Both function declarations and function definitions are part of the
source text. Nobody was referring to functions as abstract entities,
or to function designators.

C has variable scoping right but didn't see the significant
advantages that similar scoping rules would have for functions.
A lot of code reliability could have been improved with local
functions.

The implementation of nested functions has very little impact
compiler implementation. Quite a few C compilers have scoped
functions capability implemented as a C extension.

w..
..
 
W

Walter Banks

David said:
David Brown said:
On 08/05/14 11:15, BartC wrote:
If the choice is *only* between 0 and 1, then 0 is more versatile. But
it's
not hard to allow both or any. Both 0 and 1 bases have their uses;
1-based I
think is more useful as the default base.
When you just going to have one type of array, then indexing by integers
starting from 0 is the simplest and clearest - you have the offset from
the start of the array.

But it doesn't always make sense to keep thinking of offsets. Look at the
'A'..'Z' example below, and tell me where offsets from the start of the
array come in, on the line with rotationcypher['F'].

The point is that when you use 0-based arrays, you can think of offsets.

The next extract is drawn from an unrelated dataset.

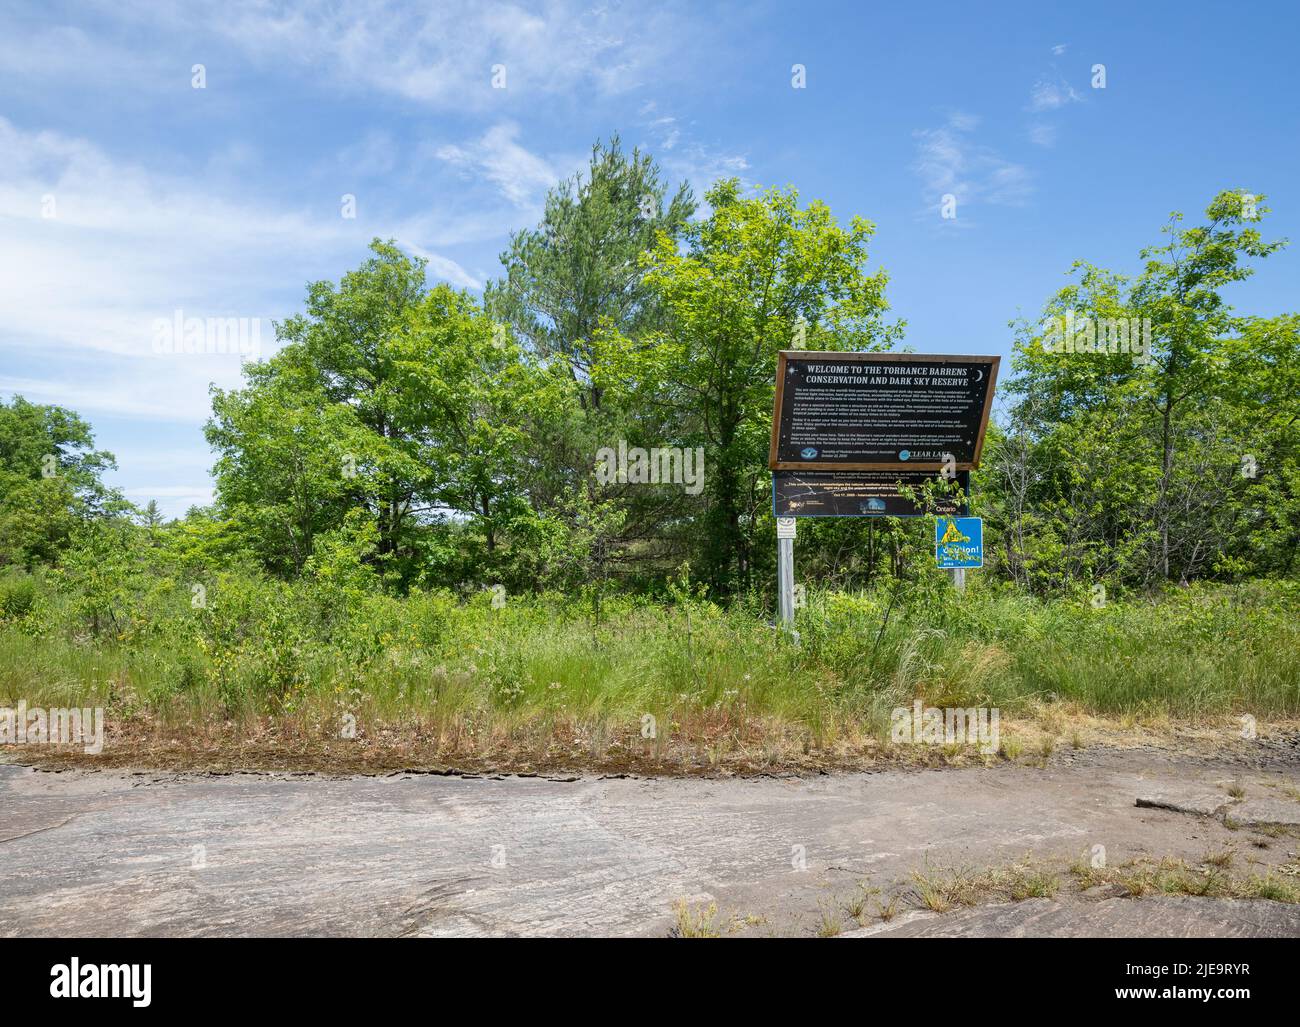 Canadian Shield and vegetation at Torrance Barrens nature preserve in Ontario Canada Stock Photo

For non-zero based arrays, the compiler hides the offset from you. In
the 'a' .. 'z', the compiler would put the " -'a' " in for you.
If you are going to look for more options, then you should really allow
ranges and different integral types (such as different sized integers,
integer ranges, contiguous enumerated types, etc.). That would lead to
clearer code and better compile-time checking for ranges and types -
similar to Pascal:

int xs[1 .. 100];
char rotationCypher['a' .. 'z'];

I don't see it happening in the C world - especially as it is already
possible in C++ (but with an uglier template declaration syntax, of
course).

Why can't we just have those 1..100 and 'a'..'z' bounds without bringing
all
that other stuff into it?

I can write this [** not in C **]:

['A'..'Z']char rotationcypher

That format is pointlessly different from C style - if these sorts of
arrays are ever to make sense in C, C++, or a C-like language, then they
would be written in roughly the form I gave.
print rotationcypher['F']

Which I can machine-translate to C and it takes care of the offsets needed
to make it work with C's 0-based arrays. Something like this:

unsigned char rotationcypher[26];
printf("%c",(rotationcypher[70-65]));

No special type attributes for the index or bounds, no templates, nothing
special except providing the right offsets.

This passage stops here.